The family underestimates a society it deems beneath them, a group of people so low they are not even fit to kill. What Grau does with this circle of prostitutes is like a Pat Benatar video done right.
2. American Psycho (2000)
Mary Harron’s near-perfect horror comedy send-up of the Reagan era benefits from a number of things, including maybe the best casting in cinema history. This cast and Harron hit every note perfectly, offering a film that is as bloody and alarming as it can be, with every re-watch an opportunity to see more and more of its comic genius.
And of the many memorable moments in the film, the line most likely to be quoted is this: Don’t just stare at it. Eat it.
There is a lot of soullessness afoot in American Psycho, and in that line, but not in Cara Seymour’s performance. As Christie—Patrick Bateman’s favorite prostitute, God help her—she gives this film its first truly empathetic character. She is the one character you root for, the one whose death you don’t want to see happen. When Christie is lured back to Patrick’s apartment for a second round, for the first time in the film, you find yourself feeling sad for someone, finding the empathy Patrick so utterly lacks.
1. Peeping Tom (1960)
Director Michael Powell’s film broke a lot of ground and nearly ended his film career. People tend to react badly to horror movies that unnerve them, which is really odd given that this is the entire point of the genre. Peeping Tom pissed everybody off, maybe because—like Michael Haneke’s films Funny Games—Peeping Tom implicates you in the horror.

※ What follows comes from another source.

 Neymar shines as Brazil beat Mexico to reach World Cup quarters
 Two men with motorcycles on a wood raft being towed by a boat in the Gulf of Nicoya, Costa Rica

Mark (Karlheinz Bohm) had a difficult childhood, developing a bit of a voyeuristic hobby to help him cope. He starts off with prostitutes, filming them, capturing their terror as he kills them. He’s a voyeur, but who can throw stones? Didn’t every one of us who’s ever watched this film— or any other horror movie, for that matter—sign up to do exactly what Mark was doing?
Bohm’s great success is in making Mark unsettlingly sympathetic. Powell’s is in using the audience’s instincts against us. Bohm makes us feel bad for the villain, Powell makes us relate to the villain. No wonder people were pissed.